### What needs to be done
Could you give the data that follows again exactly, without its pictures?

##### Available data #####

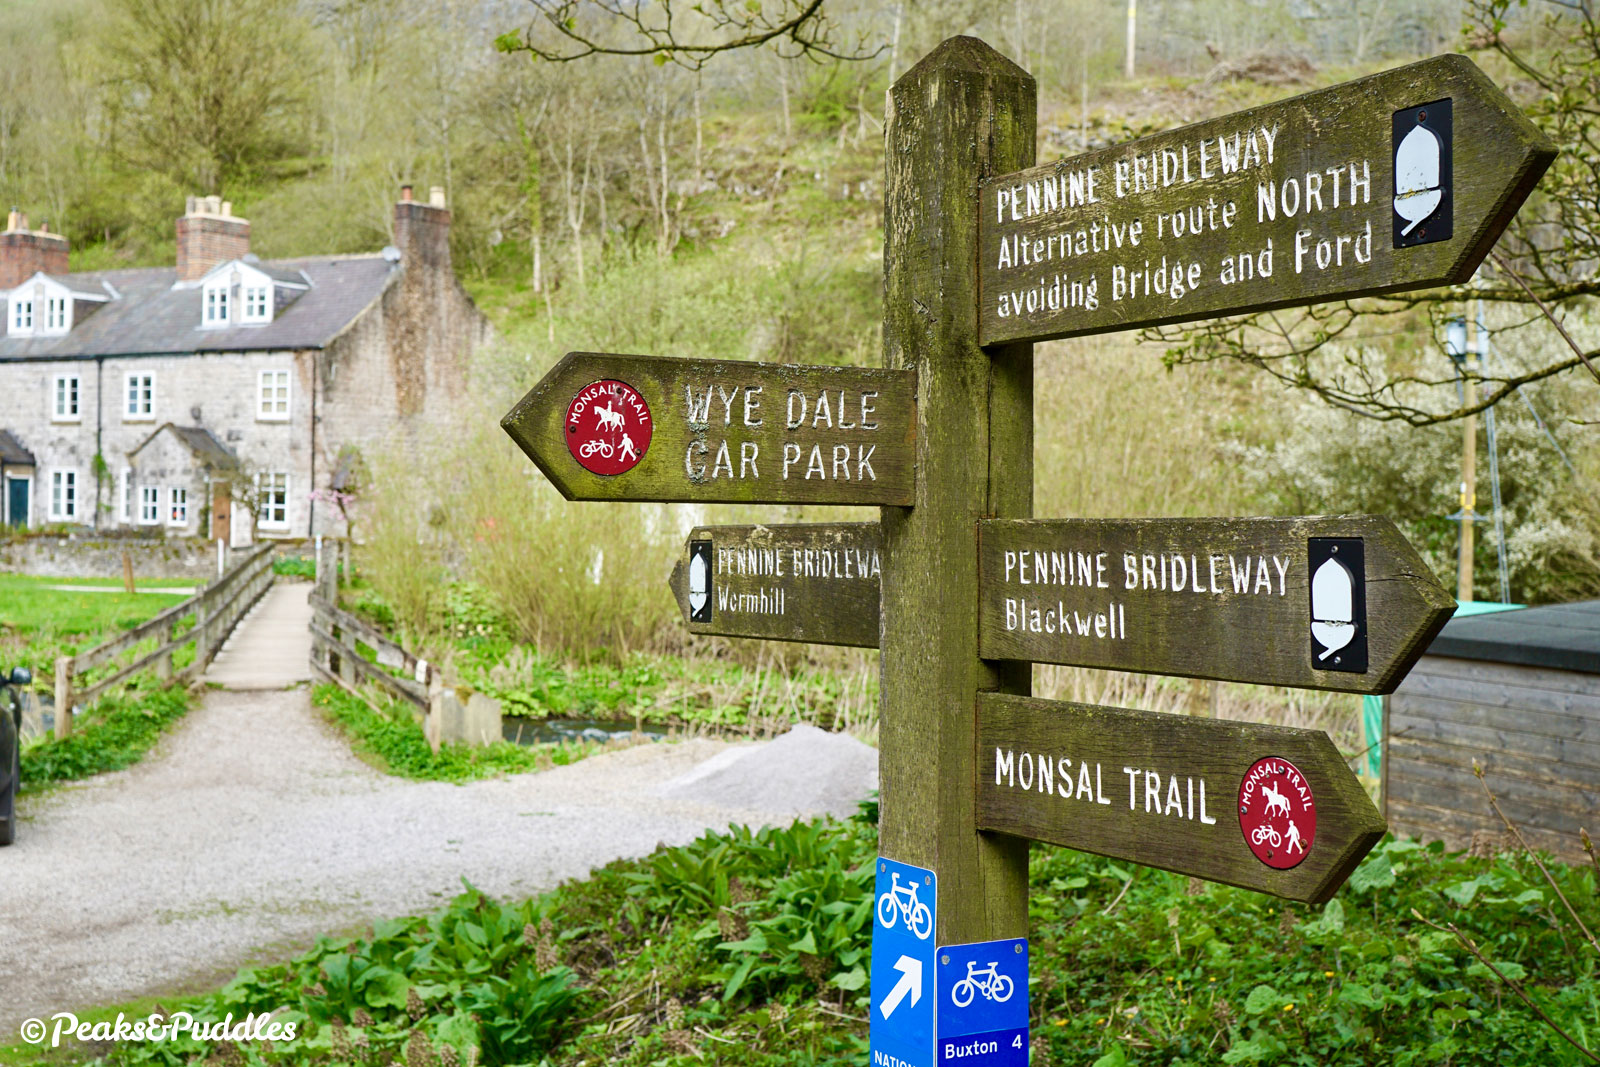 The Pennine Bridleway crosses the trail at Blackwell Mill, but it’s a very tricky route into the valley without good mountain skills.
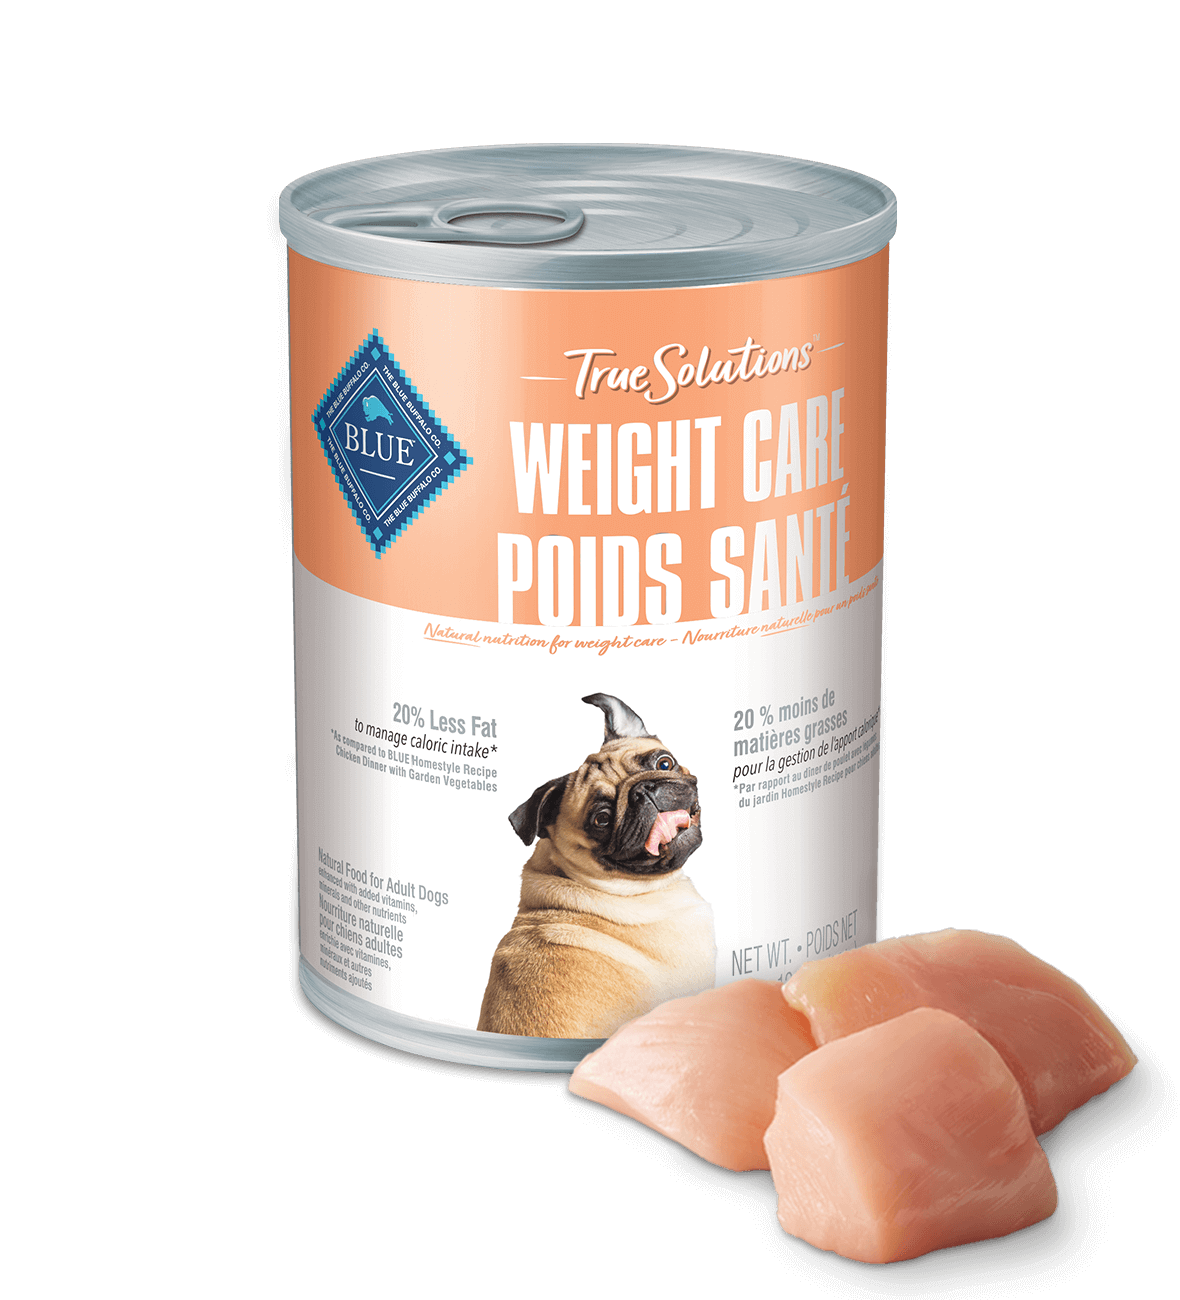 blue true solutions weight care formula dog wet food
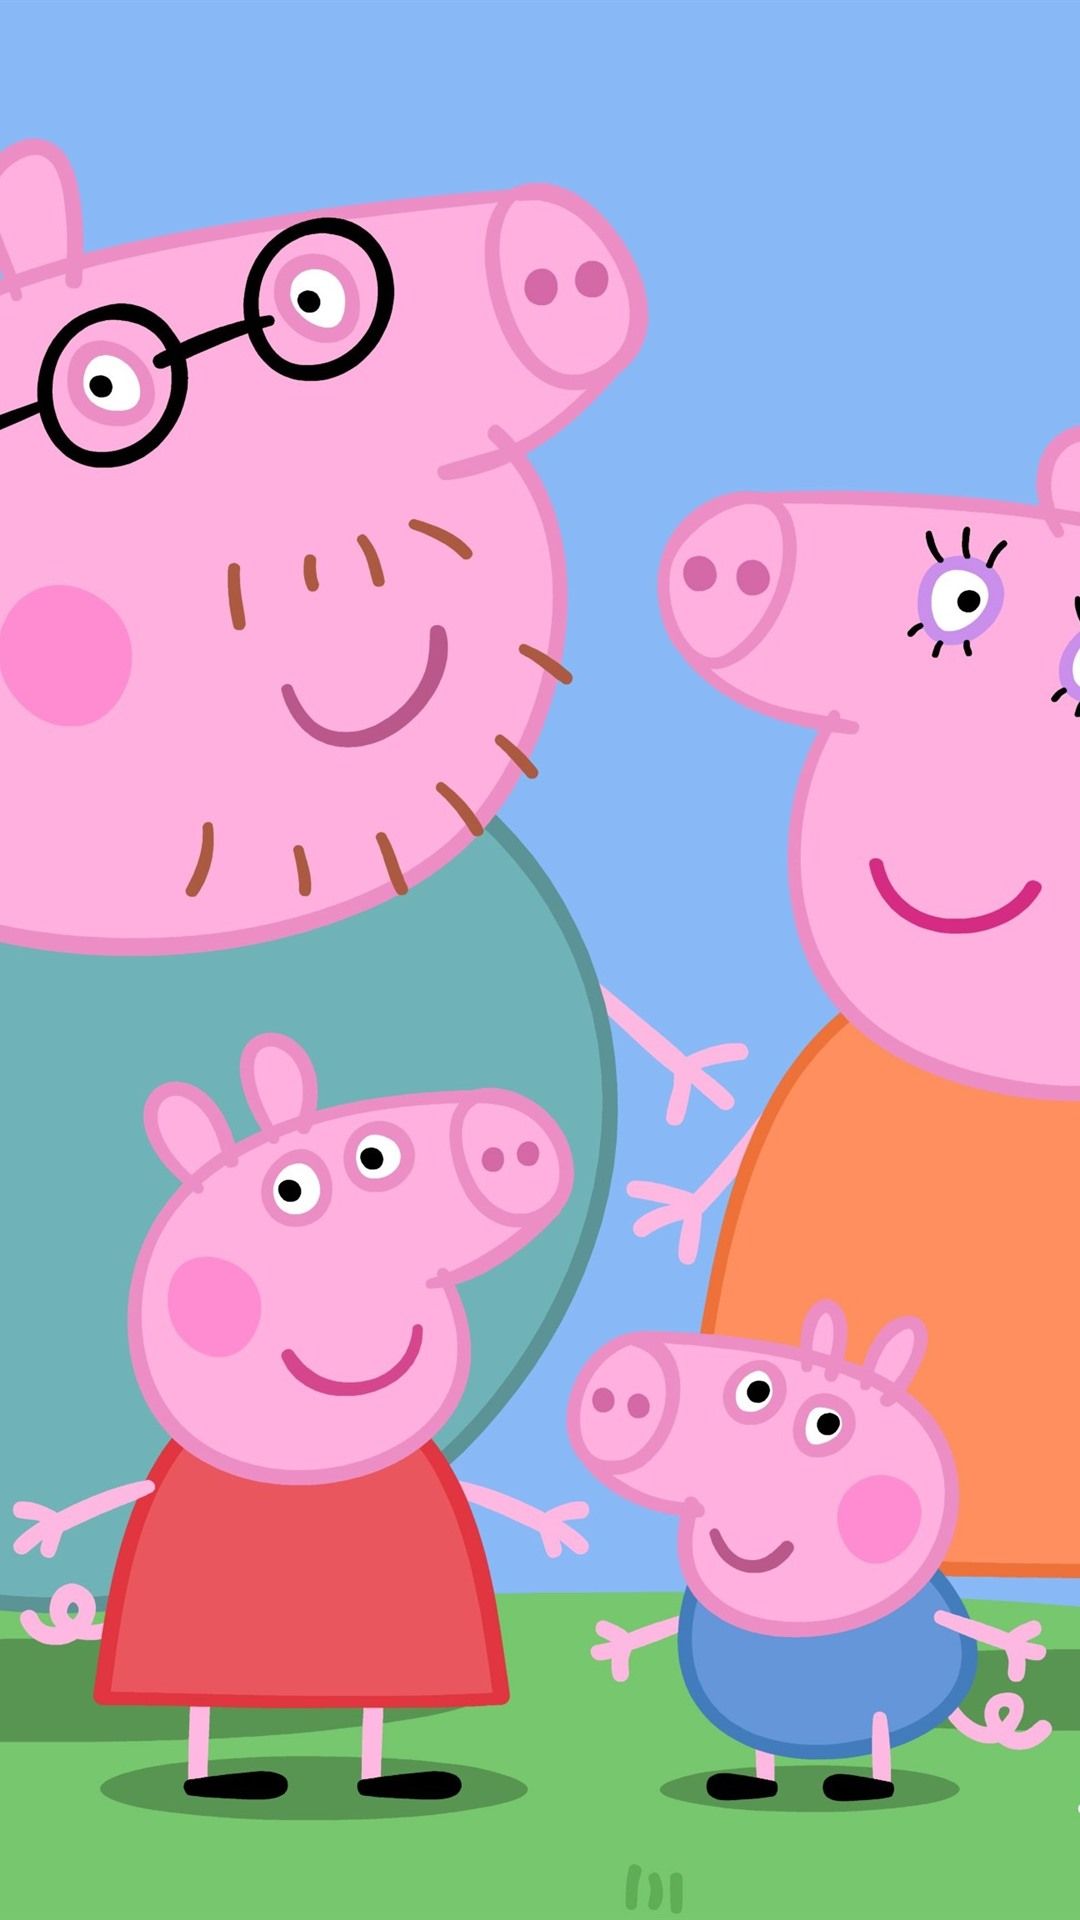 Best Peppa Pig Wallpaper for iPhone, iPad, Android 2023 Update

#####

### Your response
 The Pennine Bridleway crosses the trail at Blackwell Mill, but it’s a very tricky route into the valley without good mountain skills.
 blue true solutions weight care formula dog wet food
 Best Peppa Pig Wallpaper for iPhone, iPad, Android 2023 Update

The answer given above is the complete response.